Я расстроился, почувствовал себя униженным и попросил его выражать свои чувства не так громко, чтобы другие постояльцы не услышали. Но было уже поздно. Бреноцци за стеной успел уловить суть протеста Стилоне и вскоре раздался его исступленный хохот, который перекинулся на отца Робледу, шедшего по коридору. Стилоне Приазо, в свою очередь, также выглянул в коридор, желая принять участие во всеобщем веселье. Напрасно уговаривал я его не делать этого. На меня со всех сторон обрушился град издевок и насмешек над якобы отвратительным вкусом моих блюд, которые, видите ли, были бы вообще несъедобны без музыкального сопровождения Девизе. Отец Робледа – и тот с большим с трудом подавил свой смех.
Как следовало из слов неаполитанца, они потому только умалчивали до сих пор правду, что Кристофано известил их о том, что Пеллегрино очухался, и они надеялись, что вскоре он вернется к своим обязанностям, а кроме того, у них были дела и поважнее. Однако недавнее увеличение доз корицы сделало положение невыносимым. Увидя мое оскорбленное и униженное лицо, Приазо замолчал. Другие ретировались в свои комнаты. Неаполитанец положил мне руку на плечо:
– Ну-ну, мой мальчик, не принимай так близко к сердцу, карантин не придает манерам изысканности.
Я попросил у него прощения за то, что измучил его корицей, подхватил котомку и был таков. Я был поистине несчастен, но положил себе не показывать этого.
Дальше мой путь лежал к Девизе, но дойдя до его двери, я заколебался.
Из-за двери доносились нестройные звуки гитары: он настраивал инструмент. После чего приступил к плясовой, похожей на вилланель, а затем и к тому, что сегодня, не боясь ошибиться, я бы назвал гавотом.

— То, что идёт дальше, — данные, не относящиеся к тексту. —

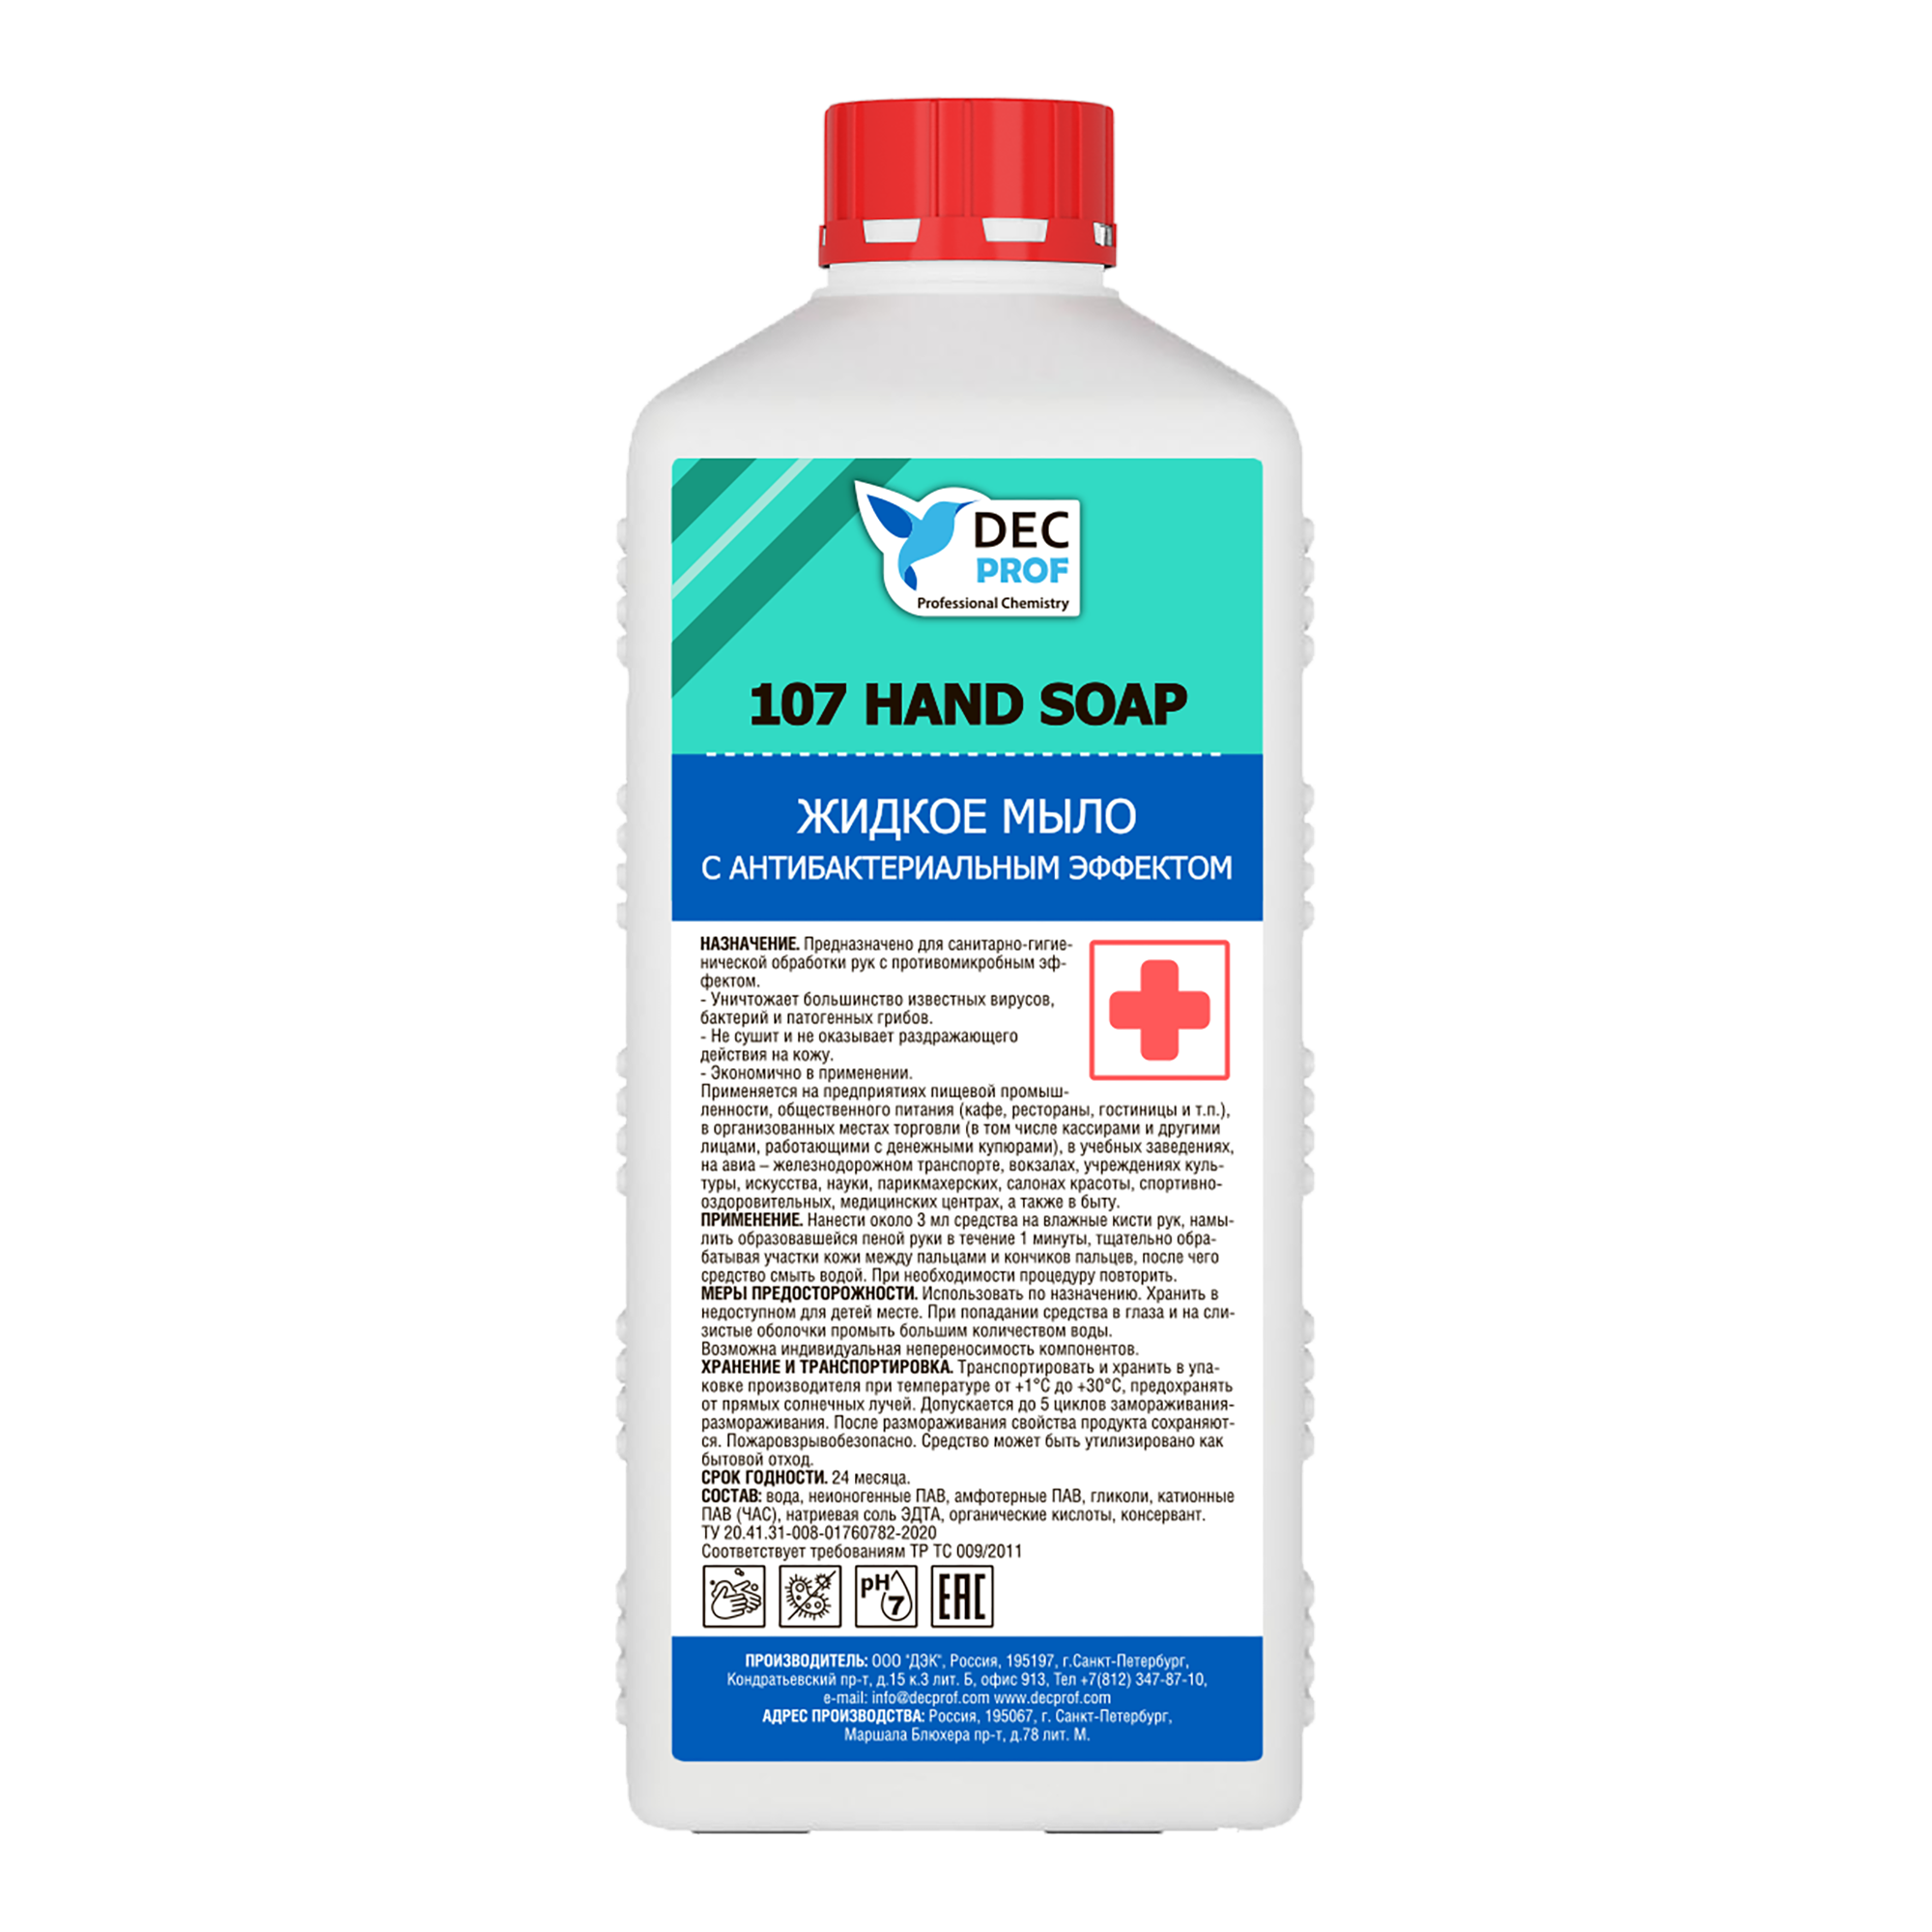 107-1 Жидкое мыло с антибактериальным эффектом на основе ЧАС Dec Prof 107 HAND SOAP - 1 л
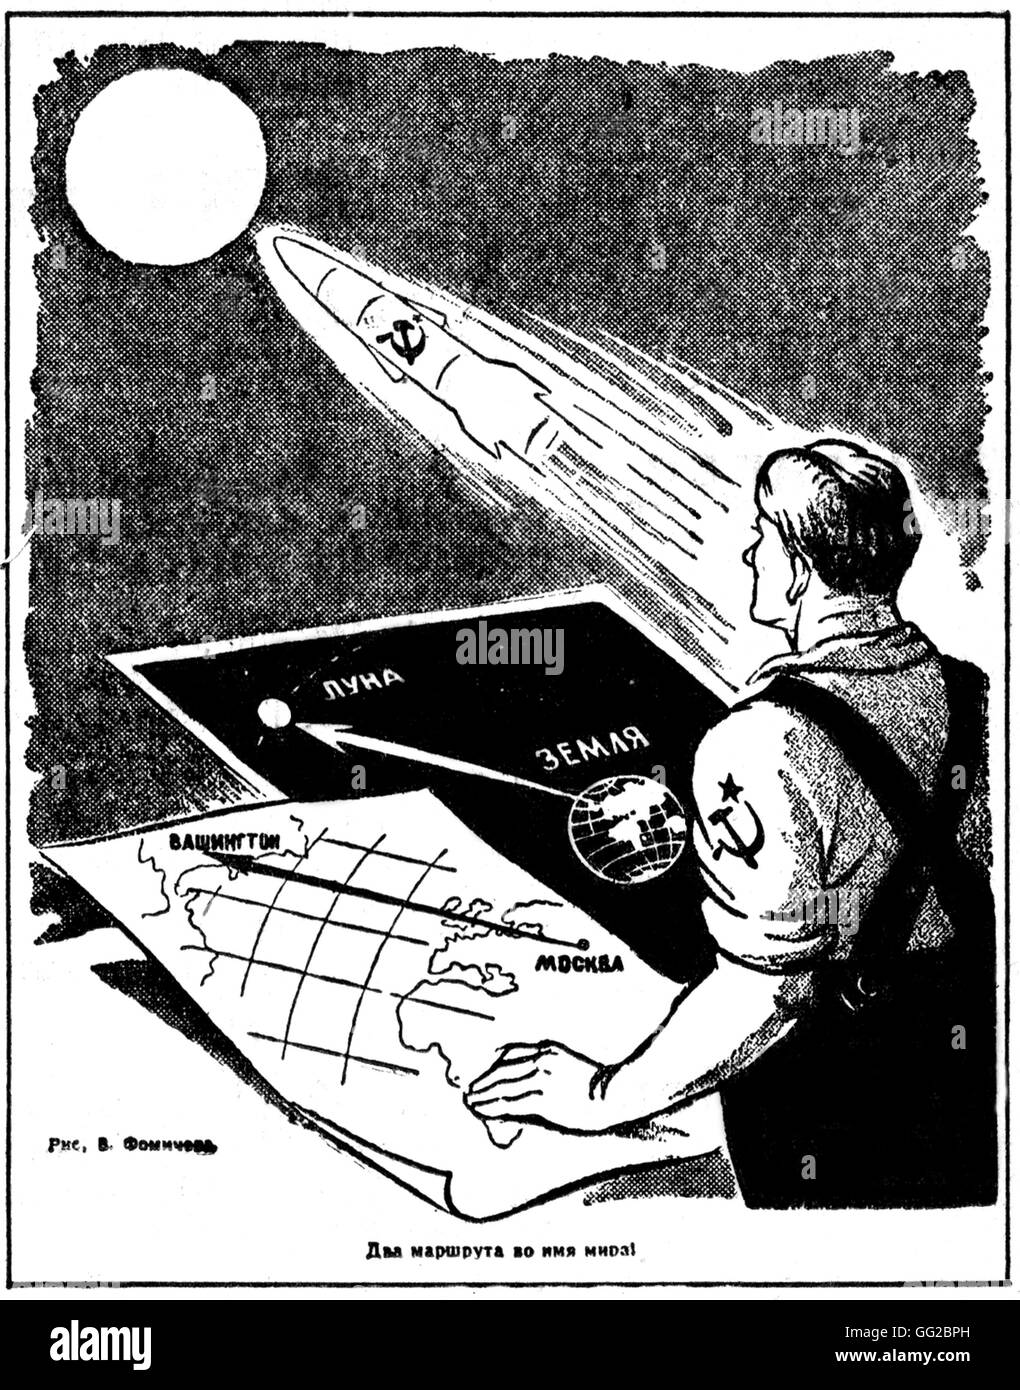 Disegno in 'Trud' : 'Earth-Moon' (oggi, a 2 min 24 s. dopo la mezzanotte ora di Mosca, il razzo spaziale ha raggiunto la luna) Settembre 14, 1959 U.R.S.S. Foto Stock

Я постоял-постоял, да и постучался к Помпео Дульчибени: если он не против, чтобы его растерли и умастили, можно будет еще какое-то время наслаждаться игрой Девизе.
Дульчибени согласился впустить меня. Как всегда, когда он со мной разговаривал, выражение его лица было суровым и утомленным, голос тихим, но твердым, а взгляд проникающим в самое нутро.
– Сделай одолжение, любезный. Клади сюда свою ношу.